Очень существенны высказанные в романе мысли Толстого о той основе, на которой формировался деспотизм царя. Иван «был проникнут, — писал Толстой, — сознанием своей непогрешимости, верил твердо в божественное начало своей власти и ревниво охранял ее от посторонних посягательств; а посягательством казалось ему всякое, даже молчаливое осуждение...». Эту же мысль развивал писатель в «Проекте постановки на сцену трагедии «Смерть Иоанна Грозного»: «Иоанн… до конца проникнут мыслию, что [Россия] — дарованная ему в собственность божьею милостью… материал, из которого он может делать, что ему угодно; он убежден, что Россия есть тело, а он душа этого тела...»7
В трагедии «Смерть Иоанна Грозного» Толстой завершает характеристику царя, раскрывая логический результат тех явлений, истоки которых показаны в романе: «… служа одной исключительно идее, губя все, что имеет тень оппозиции или тень превосходства, что, по его мнению, одно и то же, он под конец своей жизни остается один, без помощников, посреди расстроенного государства, разбитый и униженный врагом своим, Баторием, и умирает...»8
Действие «Князя Серебряного» происходит за девятнадцать лет до смерти Ивана Грозного. Царь еще могуч, он уверенно чувствует себя на троне, он окружен раболепствующими придворными. Ничто, казалось бы, не предвещает краха, но автор убежден, что зло не может существовать вечно, что оно в самом себе содержит зародыш саморазрушения. И во всей тональности романа ощущается идея обреченности, неизбежности краха того зла, которое олицетворяет царь. Толстой судит Ивана Грозного не с исторической, а с этической позиции — и приговор может быть лишь один.

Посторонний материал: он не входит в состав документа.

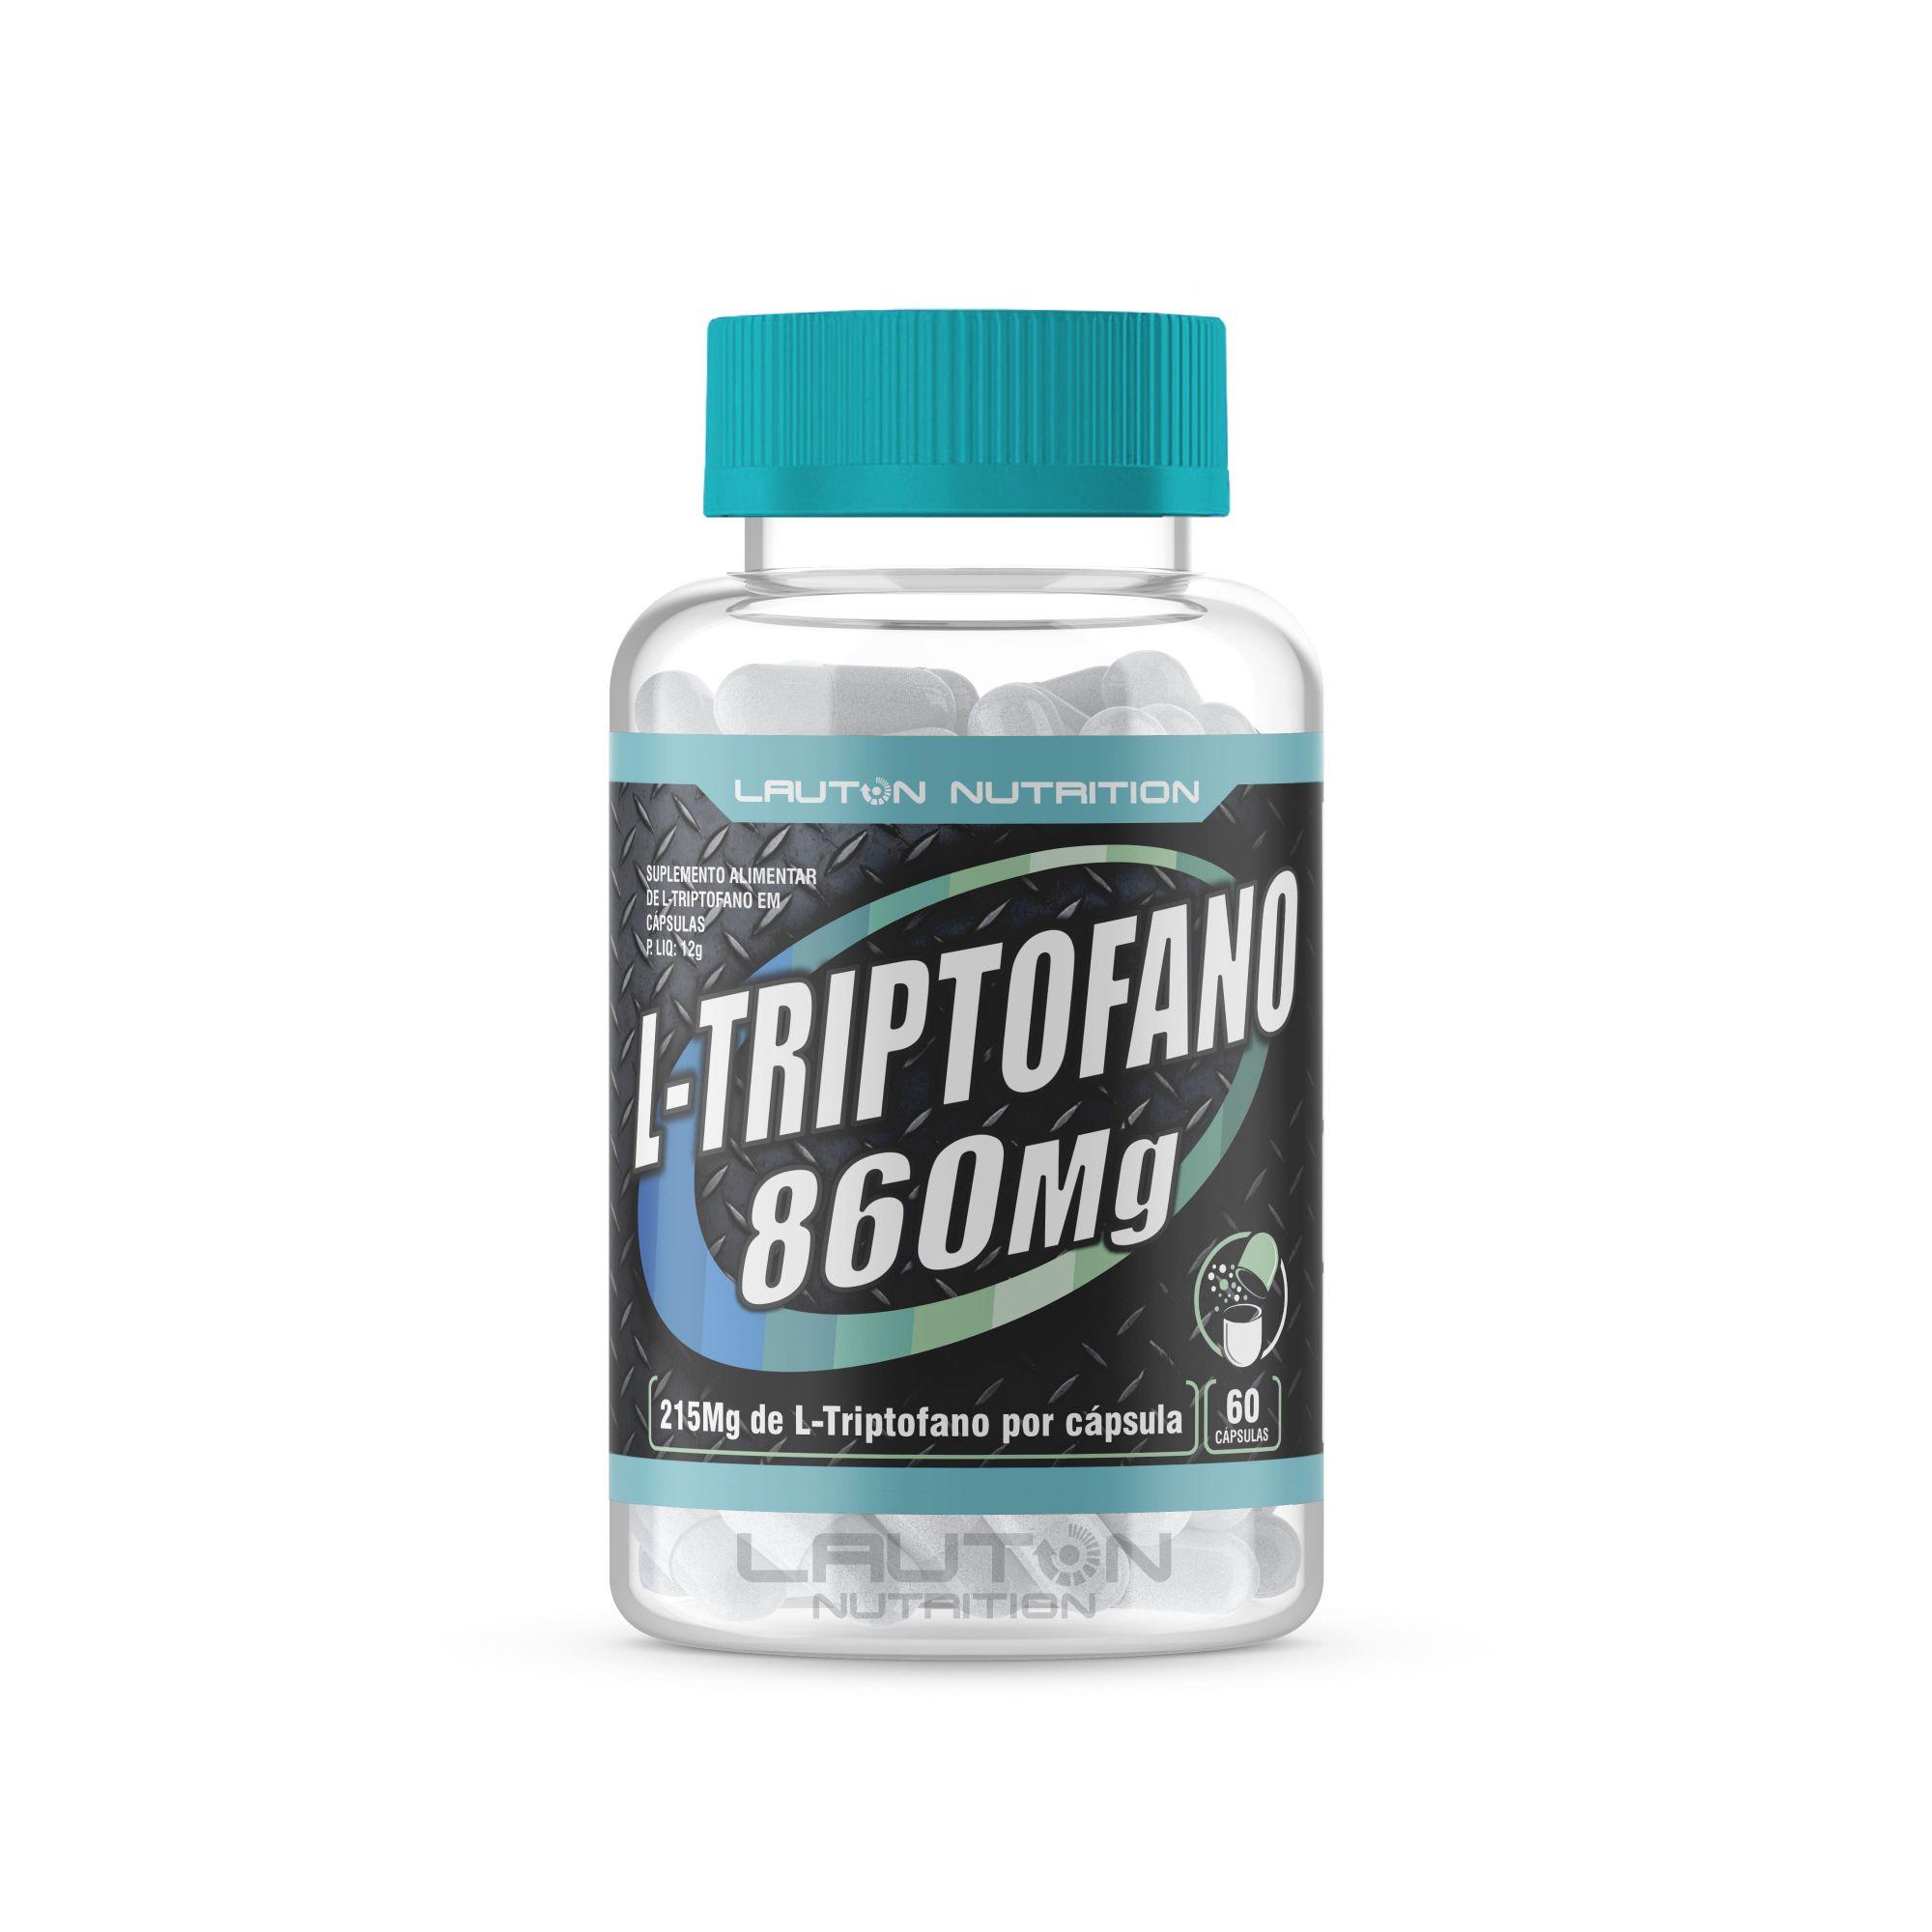 L-triptofano 120 cápsulas Lauton Nutrition

Но, предрекая злу неизбежную гибель, автор так и не говорит, в результате чего это произойдет. Погибнет ли зло само по себе, согласно некоему фатальному предопределению, или падет под каким-либо ударом. Силы, способной активно противодействовать деспотизму, успешно бороться против зла, писатель не видит. И не случайно появляются в романе строки о «роковой печати судьбы, предназначении… которым можно объяснить многое, что в русской жизни кажется непонятным».

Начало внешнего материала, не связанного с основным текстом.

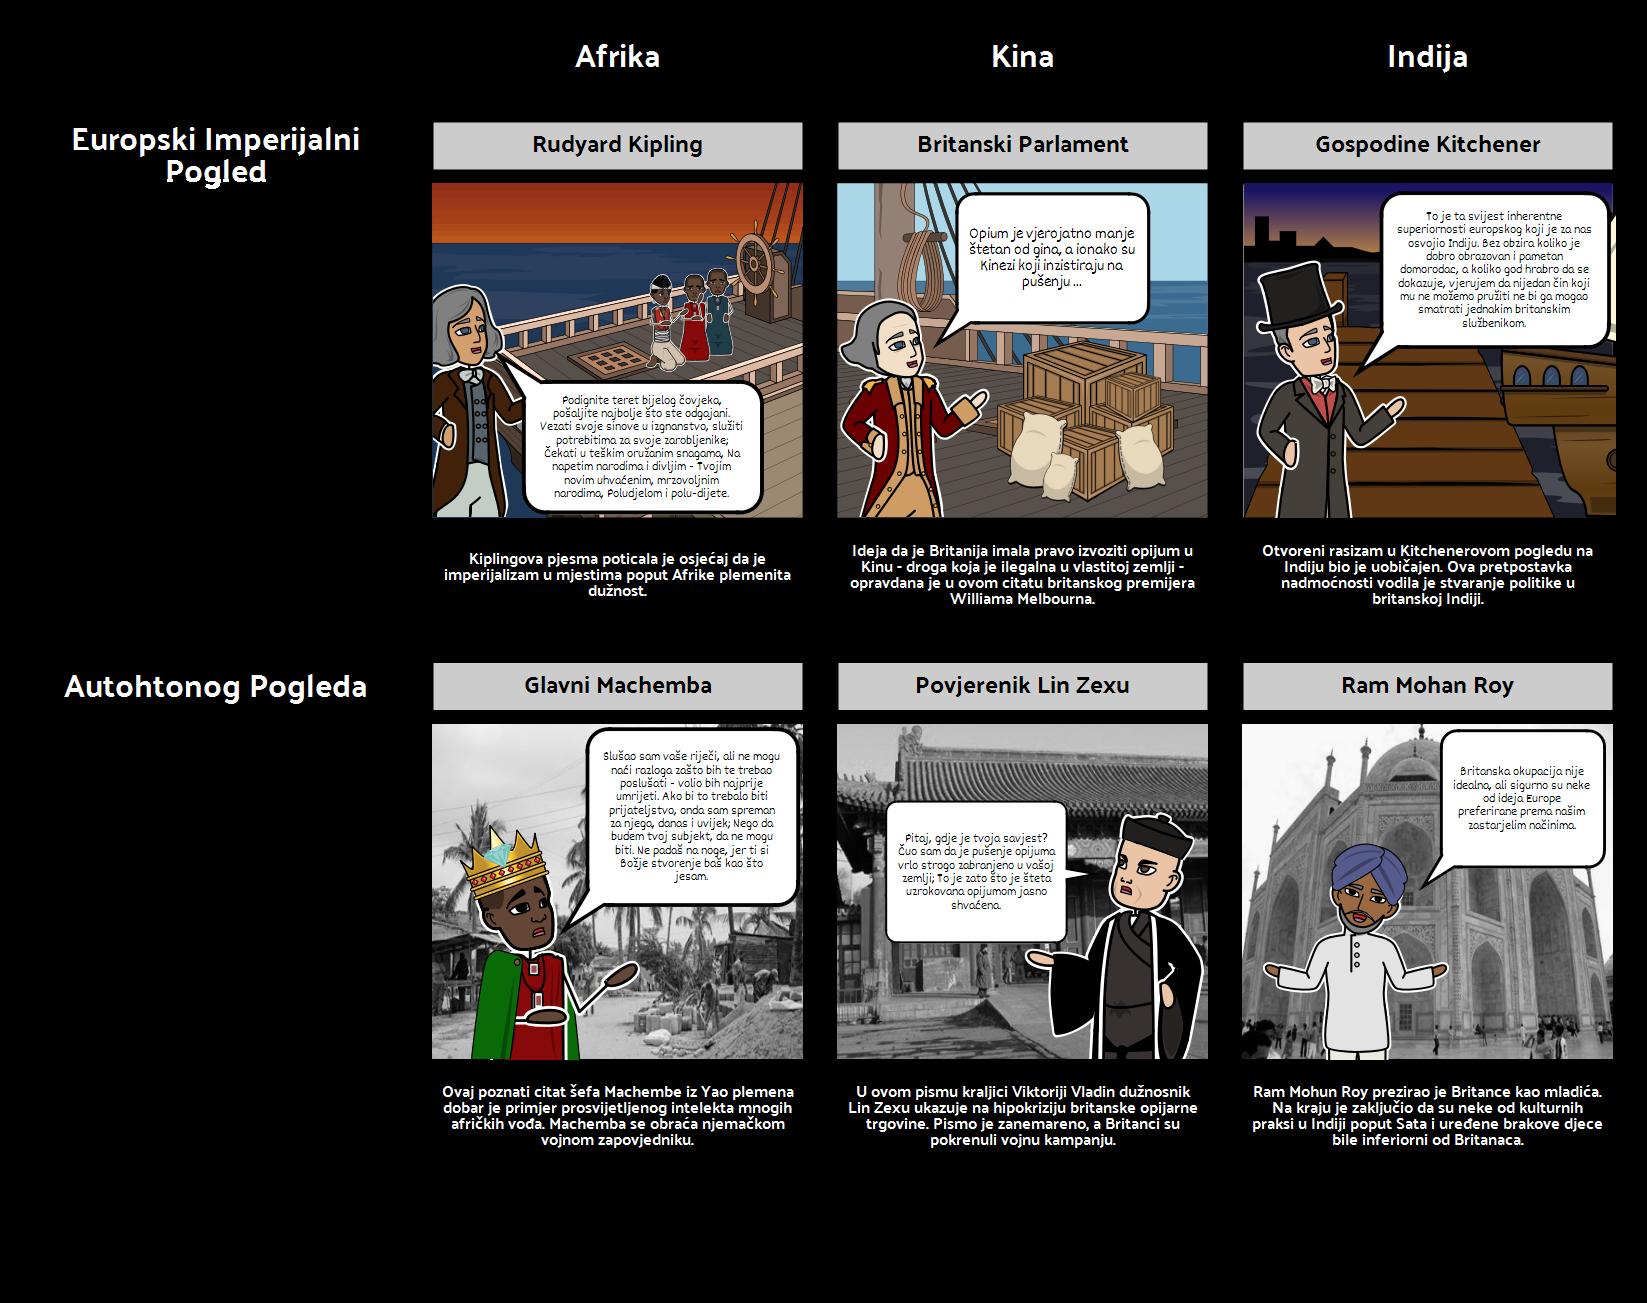 Povijest Imperijalizma - Suprotno POV: Imperijalizam Protiv Autohtonih

В этой связи необходимо коснуться трактовки в романе взаимоотношений царя и народа.
Толстой поддерживает выдвинутую Карамзиным дворянскую концепцию, что народ, воодушевленный монархической идеей, спокойно и чуть ли не благоговейно взирал на чудовищную жестокость Ивана и, поскольку она исходила от царя, вроде бы даже молчаливо одобрял ее.
В романе есть ремарка, что «все русские любили Иоанна, всего землею», проявляя покорность «богоданному царю. Позднее Толстой развил эту мысль: народ, «не будучи избалован и не находясь в личном соприкосновении к Иоанну, продолжал видеть в нем защитника и славил издали его справедливость. Все доброе относилось к нему, все дурное к его воеводам...»9
Взаимоотношения народа с теми, кто им управляет, — вопрос социальный, отражающий все противоречия конкретной исторической ситуации. Само собой понятно, что в XVI веке картина была отнюдь не такой идиллической, как это пытался показать Толстой,- феодальные противоречия зашли уже далеко. Вера в высшее, божественное происхождение царской власти была присуща массам русского крестьянства, об этом свидетельствует вся история крестьянского движения, включая крестьянские войны под руководством Разина и Пугачева. Но дело ведь в отношении не столько к личности царя, сколько к тому политическому режиму, который он насаждал, представлял и возглавлял.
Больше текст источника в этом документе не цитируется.